Don't need charts, just a place to trade

Discussion in 'Retail Brokers' started by Brennan Ross, Jan 17, 2017.

  1. Hi all,

    So I currently use a charting program/broker that is a based in another country that doesn't allow me to place trades since I'm in the U.S. I really like their platform so I am going to continue using their charts, but I was looking for a broker to just place trades with, not use their charts. Can anyone recommend some good brokers that would fit my needs and allow me to place stops/limits?
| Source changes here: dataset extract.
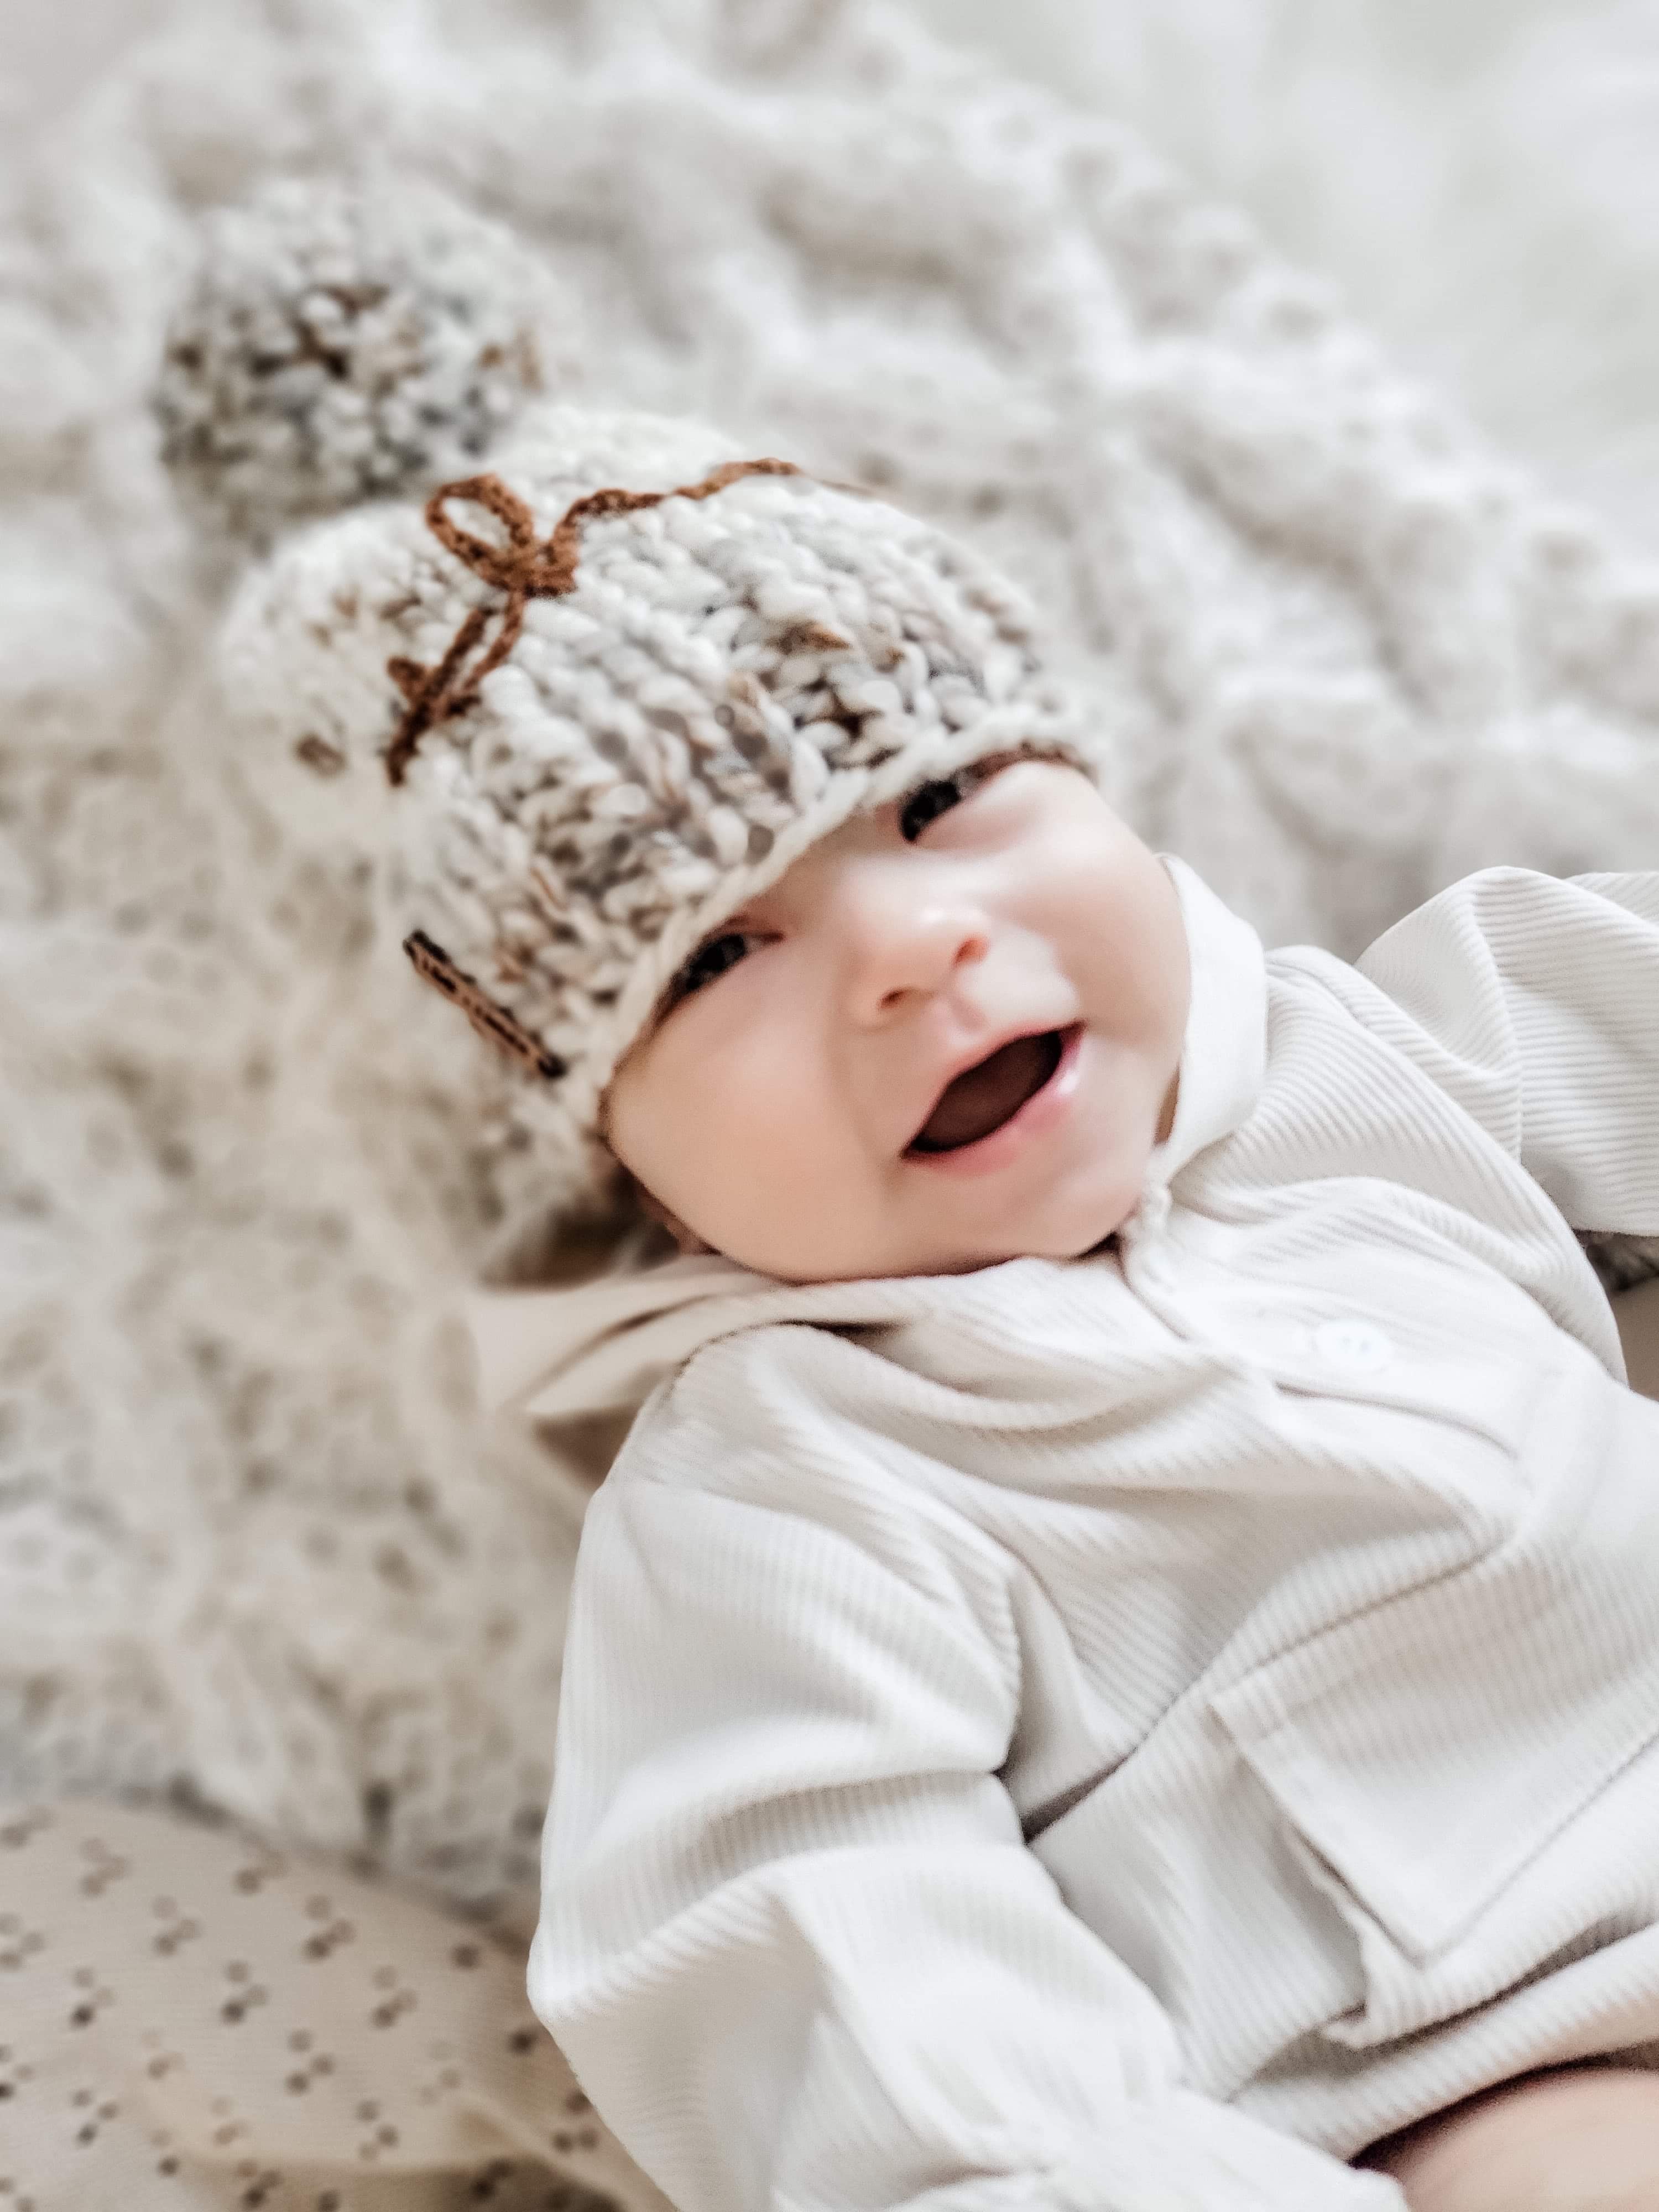 Baby wearing the Kids White Rib Hood Pocket Romper. 2 white buttons at chest, pocket with flap at stomach area, and rouged bits at the wrists. baby is also wearing a knit hat.

I appreciate the help, thanks in advanced.

    Regards,
     
  2. You are looking for broker or the blood sucking bucket shop ?
     
    Brennan Ross likes this.
  3. Robert Morse

    Robert Morse Sponsor

    Email me a little more information:

    Your name?
    What asset class?
    Size of the account?
    What else do you need?

    Bob
     
  4. Turveyd

    Turveyd

    How much money are you looking at putting at risk ?? what style of trade ? which market.

    If Sub <1K and Forex / Index's then FXCM
    No idea on what's between these options.
    If >10K and futures then IB.
    Stocks no idea what's good these days.
     
  5. algofy

    algofy

    Always with the bucket shop talk....you would have done well living in the 1920s.
     
  6. @Brennan Ross What are you looking to trade? You have to be more specific. Stocks, ETFs, Futures/commodities? All US brokers and pretty different and provide different services and platforms.
     
  7. https://en.wikipedia.org/wiki/Bucket_shop_(stock_market)

    As defined by the U.S. Supreme Court, a bucket shop is "[a]n establishment, nominally for the transaction of a stock exchange business, or business of similar character, but really for the registration of bets, or wagers, usually for small amounts, on the rise or fall of the prices of stocks, grain, oil, etc., there being no transfer or delivery of the stock or commodities nominally dealt in.

    "Bucket shop" is a defined term under the criminal law of many states in the United States that make it a crime to operate a bucket shop.[2]Typically the criminal law definition refers to an operation in which the customer is sold what is supposed to be a derivative interest in a security or commodityfuture, but there is no transaction made on any exchange. The transaction goes "in the bucket" and is never executed. Because no trading of actual securities occurs, the customer is essentially betting against the bucket shop operator in a game based on abstract security prices. While trading in a legitimate exchange also provides a similar game or wagering aspect, the one distinctive characteristic of a bucket shop is the mimicry of trading securities when no actual securities are traded. The bucket shop's exchange is a fiction, which the parties agree to imagine as following the events occurring in a real exchange. Alternatively, the bucket shop operator "literally 'plays the bank,' as in a gambling house, against the customer." [3] Operating a bucket shop in the United States would also likely involve violations of several provisions of federal securities or commodity futures laws.[4]


    https://en.wikipedia.org/wiki/Foreign_exchange_fraud

    Foreign exchange fraud is any trading scheme used to defraud traders by convincing them that they can expect to gain a high profit by trading in the foreign exchange market. Currency trading became a common form of fraud early 2008, according to Michael Dunn of the U.S. Commodity Futures Trading Commission.[1]

    The foreign exchange market is at best a zero–sum game,[2] meaning that whatever one trader gains, another loses. However, brokerage commissions and other transaction costs are subtracted from the results of all traders, making foreign exchange a negative-sum game.


    ......................
    Unfortunately most of the ET, especially those small trader < $1K account are trading in Bucket Shop. Unfortunately, 99.9% of them are losers. The cost in bucket shop (slippage, overnight swap) made them impossible to make any positive expectancy in long term.
     
    Last edited: Jan 18, 2017
  8. Overnight

    Overnight

    The bolded, italicized bit is quite a haughty claim. Prove it.
     
  9. algofy

    algofy

    Do you mean forex and cfds? Not sure bucket shops are possible in us futures, equities, or options.